Missing Meta Data Needed for Effective Storage Management

Ever since time, or at least Computing time, began most of the focus has centred around the processing of data. Until recently it would be straight forward to argue that too little attention has been given to the long term storage of said information. But as the volume of data being generated soars and the costs of storing it escalates dramatically it is clear that something has to be done.

Over the course of the last ten days I have visited the EMCWorld show in Las Vegas, been present at the opening of the IBM Global Archival Centre in Guadalajara and spoken with both HP and Fujitsu Siemens about various aspects of storage management in modern business. And there is one thing on which all agree – it’s time for change.

Traditionally there have been two approaches to the long term storage of data. One was to leave it alone until the “system”, usually a business application, dies or if there is just too much data to leave it at rest move some of it to tape. The decision of just what data to move off of the spinning disks was usually based on how old it was or, in sophisticated cases, when it was last accessed or modified.

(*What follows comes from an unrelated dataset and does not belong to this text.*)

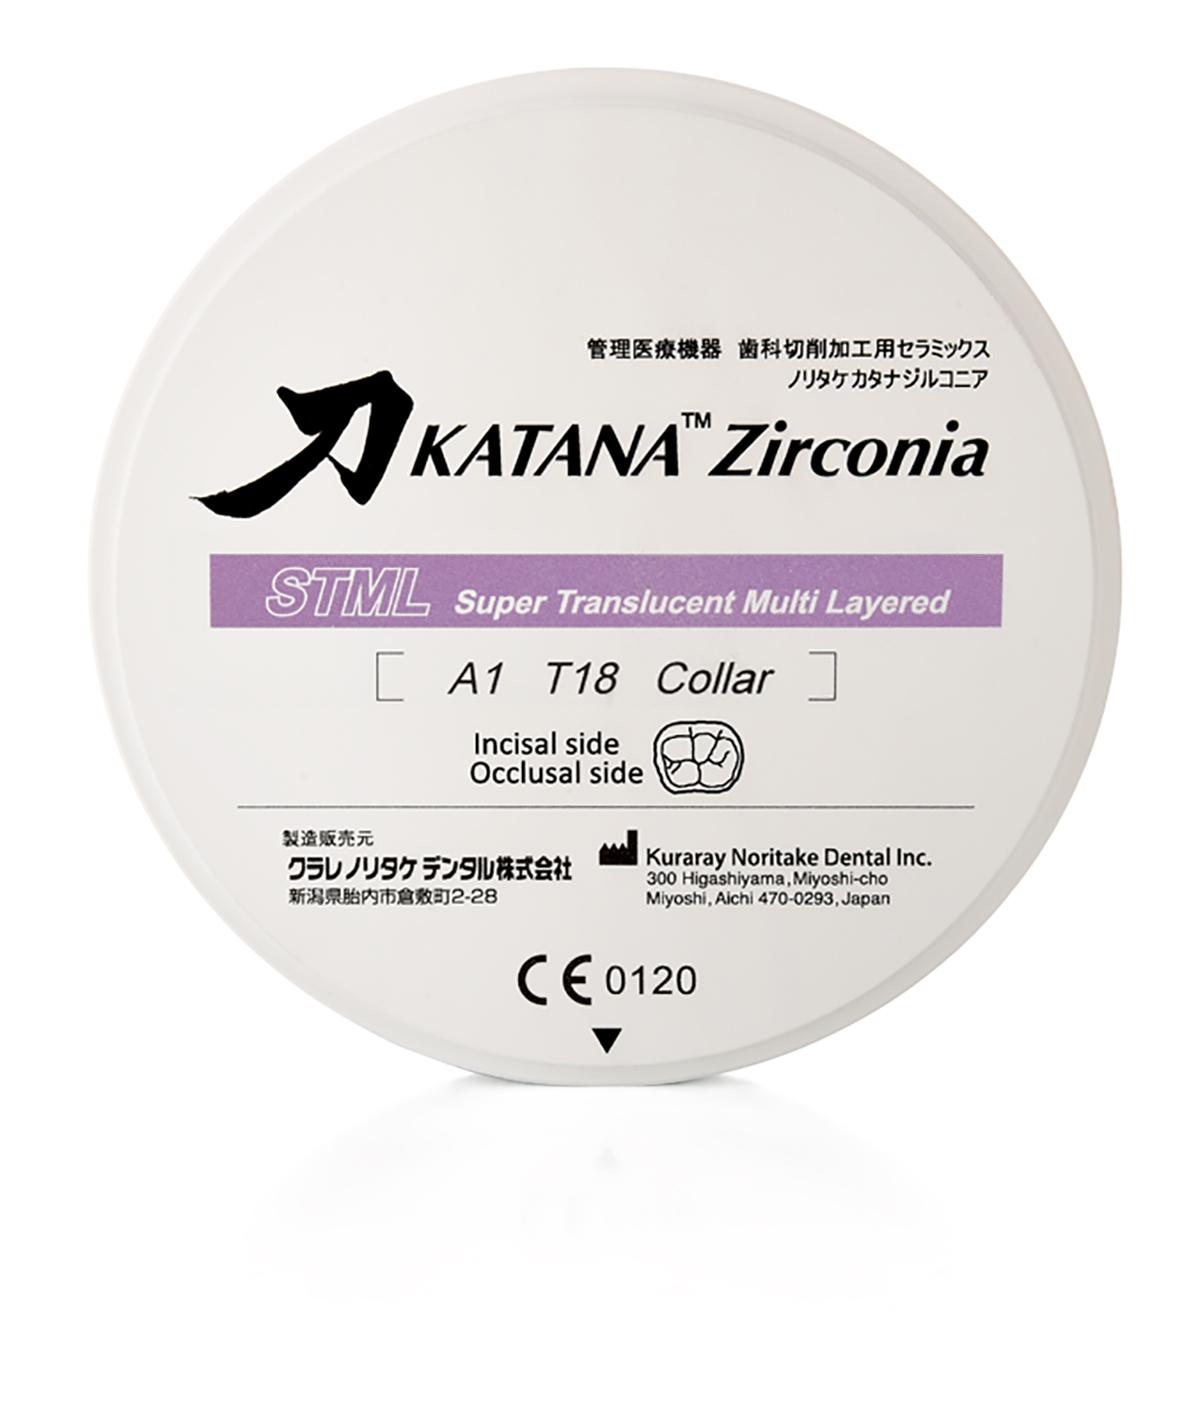 KATANA™ Zirconia STML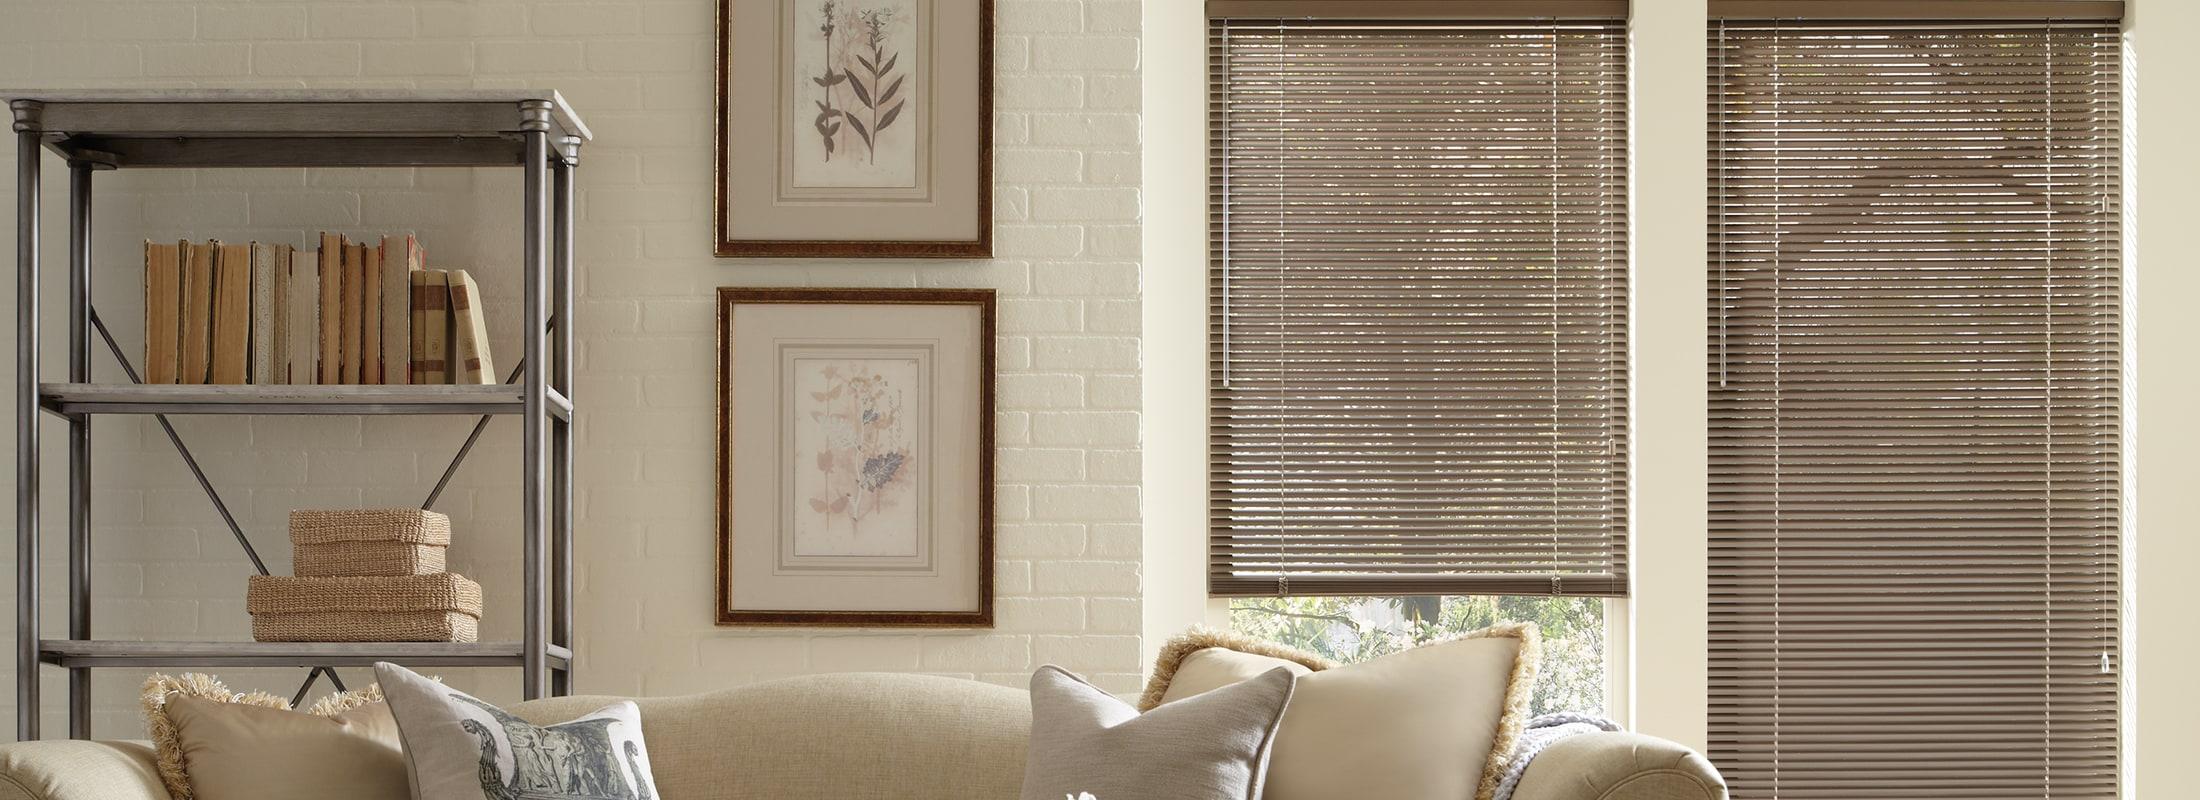 horizontal-blinds-aluminum-decor-carousel-01.jpg

Now this might be better than nothing but in today’s high pressure, litigious business world where attention is grabbed by anything that saves money or that can help generate new value it is clear that such basic methods of data archiving are simply not tenable in sophisticated tiered storage architectures where information may need to be retrieved with great speed. Enter Content and Document Management systems coupled with clever archiving management software.

Until recently such systems have required considerable effort to get in and running and as a consequence have usually been deployed in only key situations. But now some vendors have started to deliver software that helps to automate the discovery and categorisation processes that form the foundation of ECM / EDM systems. Step one “Discover” just what data is out there in the enterprise and step two “categorise” it in terms of its importance and in terms of by which management policies it should be controlled.

It then becomes possible to define policies that describe just how and on which platforms different classes of data should be held. Then everything else is relatively straightforward (if you can ignore the internal politics associated with questions of data classification and importance ranking). Modern software and the experience of best practices obtained in the real world are now offering the chance for wide spread data classification to happen. And it is this meta data and classification that hold real promise to help in the effective administration of data over long periods of time. Automation is the key as is not attempting to do everything at once.